Nor does it help that Bernie Sanders has yet to drop out of the race officially. The Vermont senator is no longer sending out email pleas for fundraising (although supporters can still donate to his campaign on his website, despite his apparent lack of a path to securing enough delegates to be the nominee) yet shows no signs of conceding any time soon.
When asked last week about another debate with Sanders, currently scheduled for April, Biden suggested that he would decline the invitation: “My focus is just dealing with this crisis right now. I haven’t thought about any more debates. I think we’ve had enough debates. I think we should get on with this.”
Yet it remains unclear what Biden means by “dealing with this crisis.” Clips of Sanders raving in the Senate against the recently passed relief bill continue to go viral, with hundreds of thousands of views, while a “virtual happy hour with young Americans” hosted by Biden received just 2,800 simultaneous attendees. Biden talks about having conversations with congressional leaders, but if the 2013 shutdown negotiations are any indication, his ability to get their attention is overstated.
And if Congress isn’t listening, the public isn’t listening either. Biden no longer has a physical presence in Pennsylvania and has yet to set foot in Wisconsin, two crucial swing states. Both of those states have delayed their primaries until June, just a month before the scheduled Democratic National Convention, which may have to be canceled anyway. His decisive win in Michigan temporarily gave Democrats confidence — until they remembered that Trump only needs to win one of those three to be reelected.

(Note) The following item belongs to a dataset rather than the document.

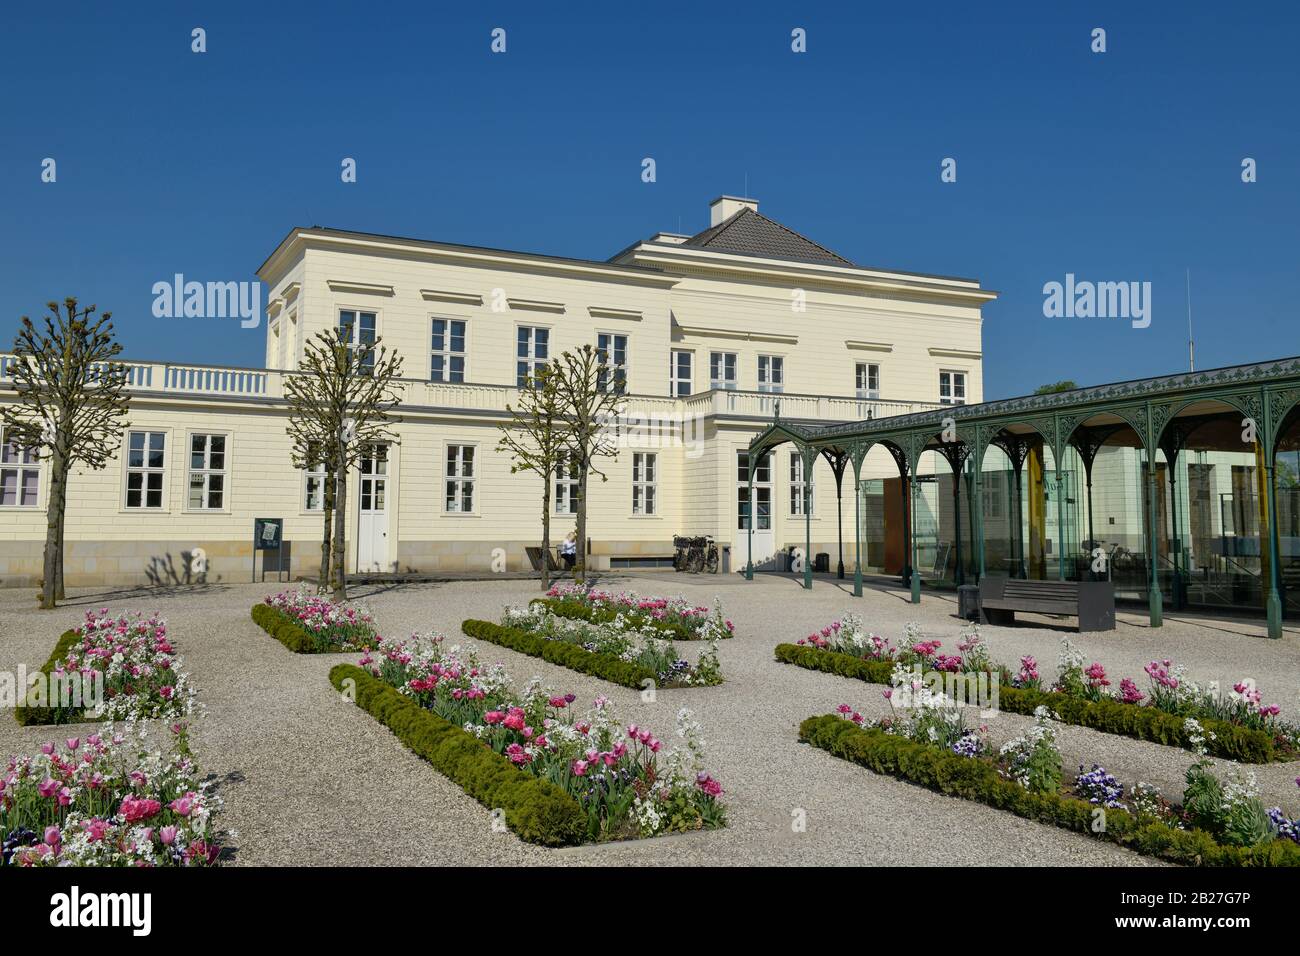 Tulpenbeete, Schloß, Großer Garten, Herrenhäuser Gärten, Hanovre, Niedersachsen, Allemagne Banque D'Images

All of this could change, of course. Summer could come and give Americans reprieve from the plague that has forced more people in Europe to seek shelter inside than at any time since the bombing campaigns of World War II. The economy may never recover, giving Biden a line of attack against how Trump handled the crisis.
But the question of whether Biden is the man for the job will remain open. If his pitch continues to be “a return to normalcy,” Biden will have to confront what, exactly, is so normal about any of this — and how and why his manifestly abnormal campaign is best positioned to do that.
Joseph Simonson is a political reporter for the Washington Examiner.